The Senate minority leader told Republican colleagues that they should oppose the creation of a Jan. 6 commission, no matter how it is structured, because it “could hurt the party’s midterm election message,” as Politico’s Burgess Everett reported.

And so, as early as Thursday, McConnell will use the filibuster to thwart a bipartisan effort to prevent further attacks on the U.S. government by domestic terrorists — because he thinks it’s good politics for Republicans.

 CNN adds, Senate Minority Leader Mitch McConnell has reached out to certain Republican Senators and asked them to vote against the January 6 commission bill as “a personal favor.”

Aaron Blake at the Washington Post writes, The great capitulation on the Jan. 6 commission:

In case there was any doubt about the fate of the bipartisan proposal for a Jan. 6 commission, Sen. Mitt Romney (R-Utah) pretty much said it all Wednesday.

While describing his support for the proposal, he conceded that it would probably only get three or four votes from Republican senators, right now. That’s both far shy of the 10 GOP votes required and would mean the bill would get less bipartisan support in the Senate than in the House, which is unusual these days. One in 6 House Republicans voted for it — a proportion that, if transferred to the Senate, would put the bill on the cusp of passage — but Senate leaders have tried hard to kill it, and that looks to be what’s happening.

Members of Congress have made a habit of capitulating to partisanship in recent years. But it’s difficult to find a better example than this: failing to agree on how to investigate an attack on yourself.

[T]he true reason for the GOP opposition, of course, has become increasingly clear: They don’t want to relive this because it’s bad for them politically. Both McCarthy and Senate Minority Leader Mitch McConnell (R-Ky.) sharply criticized Trump for his actions vis-a-vis Jan. 6. But the broader party has since then signaled it will stand by the former president, and constantly rehashing Jan. 6 ahead of a potentially promising 2022 election would seem to work against their efforts to regain power in two very tightly split chambers. The Senate’s No. 2 Republican, John Thune (S.D.), essentially said as much publicly, and Politico reports McConnell made this very raw political case against the commission to GOP senators.

[L]astly is the role of Democrats in all of this. The party is united behind both the proposal and the idea that this was an unconscionable attack on the American government — one that both undermined democracy and must be dealt with in the name of preserving our system of government. Yet thus far that hasn’t been enough to change the calculus for those who have resisted changing the filibuster rules (and the 60-vote threshold it involves).

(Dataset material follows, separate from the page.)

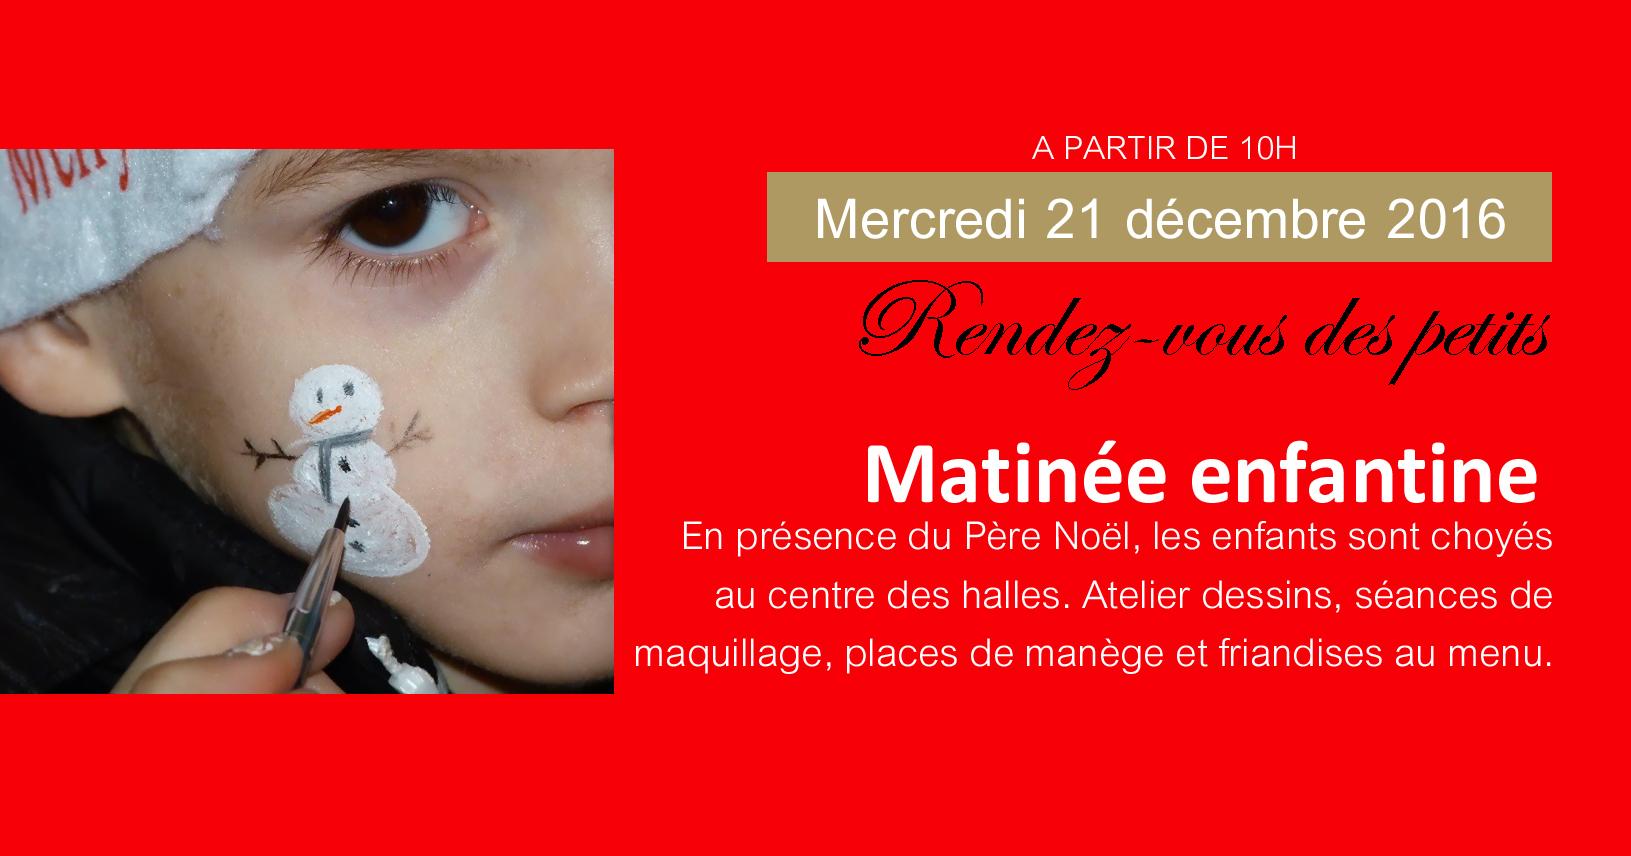 halles_narbonne_animation_matinee-_enfantine_2016

Sens. Joe Manchin III (D-W.Va.) and Kyrsten Sinema (D-Ariz.), the two biggest Democratic proponents of the filibuster, issued a statement Tuesday calling on Republicans to find a way to get to “yes” on the commission. They said the commission is “a critical step to ensuring our nation never has to endure an attack at the hands of our countrymen again.”

The Guardian reports today:

Senator Joe Manchin fiercely criticized his Republican colleagues for opposing the bill to form a bipartisan commission to study the Capitol insurrection. “There’s no excuse for any Republican to vote against this commission since Democrats have agreed to everything they asked for,” the Democratic senator said in a statement. But Manchin told reporters he is still unwilling to eliminate the Senate filibuster in order to get the commission bill passed.

Aaron Blake concludes:

What’s clear in just about all of this is that this was very likely something that would have passed rather easily shortly after Jan. 6. But Congress, over time, has apparently found a way to get to “no.” And it has somehow done so on something involving a historic attack not just on democracy, but one that endangered many of them and led to deaths in the place where they work.

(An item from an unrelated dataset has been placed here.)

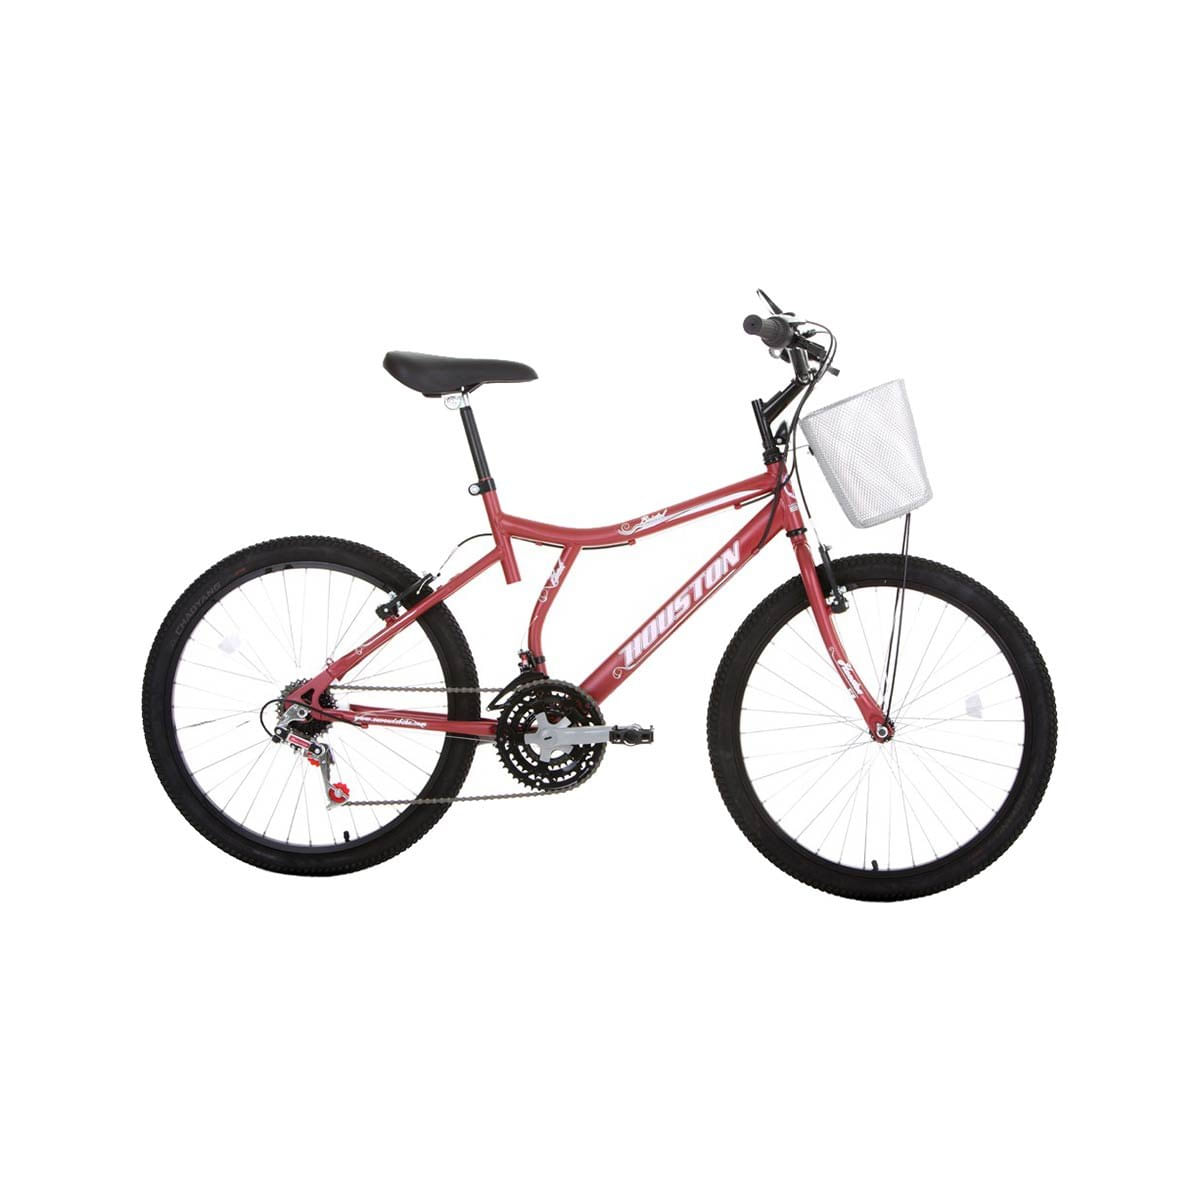 Imagem de Bicicleta Aro 24 Bristol Peak Houston

Nathalie Baptiste explains at Mother Jones that The GOP Is Turning the January 6 Insurrection Into a New Lost Cause:

On January 6, the day Congress was scheduled to certify the electoral votes in the 2020 presidential election and declare Joe Biden the victor, thousands of supporters of President Donald Trump stormed the US Capitol. They looted congressional offices, vandalized the building, and assaulted hundreds of law enforcement officials. The insurrection left five dead—including Capitol Police officer Brian Sicknick—and marked a dark day in the history of the United States. Among the countless photos that went viral was one of a man flying a Confederate flag inside the Capitol. That such a symbol was still proudly waved in America only foreshadowed the egregious whitewashing to come.

Rewriting history is a staple of American mythology. Across the country, one can find people who sincerely believe that slavery wasn’t that bad, the Civil War was fought over states’ rights, and that, had he not been murdered by a racist, the Reverend Dr. Martin Luther King Jr. would’ve been a Republican today. American exceptionalism requires recasting the particularly ugly parts of our past into rosier scenarios. And now, just a few months after the insurrection at the Capitol, the Republican Party has laid the groundwork for repeating this grand tradition, creating their own version of the Lost Cause narrative from the Civil War. 

It’s not quite right to say that the Republican Party is living in an alternate reality. They actually experienced the reality that they have now chosen to completely reframe. At a House oversight committee hearing last week, Rep. Andrew Clyde (R-Ga.) sought to dramatically downplay the severity of the attack on January 6, comparing an armed mob to a “normal” visit by tourists. “As one of the members who stayed in the Capitol and on the House floor, and who with other Republican colleagues helped barricade the door until almost 3 p.m. that day from the mob who tried to enter,” he said, remaining grounded in reality thus far, “I can tell you, the House floor was never breached, and it was not an insurrection.”

It’s quite an imaginative leap to be one of the lawmakers (above) forced to barricade a door while a violent mob attempted to break through and still claim that the mob’s actions did not constitute an insurrection. But he was far from alone in this new appraisal of the event. As impressive as his mind-bending argument was—smashing windows and beating cops with flag poles was just another day at the American parliament—the GOP’s nearly unanimous attempts to engage in massive historical revisionism has one familiar precedent. If 156 years after the Civil War, millions of people believe that the Southern states were fighting for “states’ rights,” then surely today’s GOP can also convince them that the January 6 insurrection was just another protest.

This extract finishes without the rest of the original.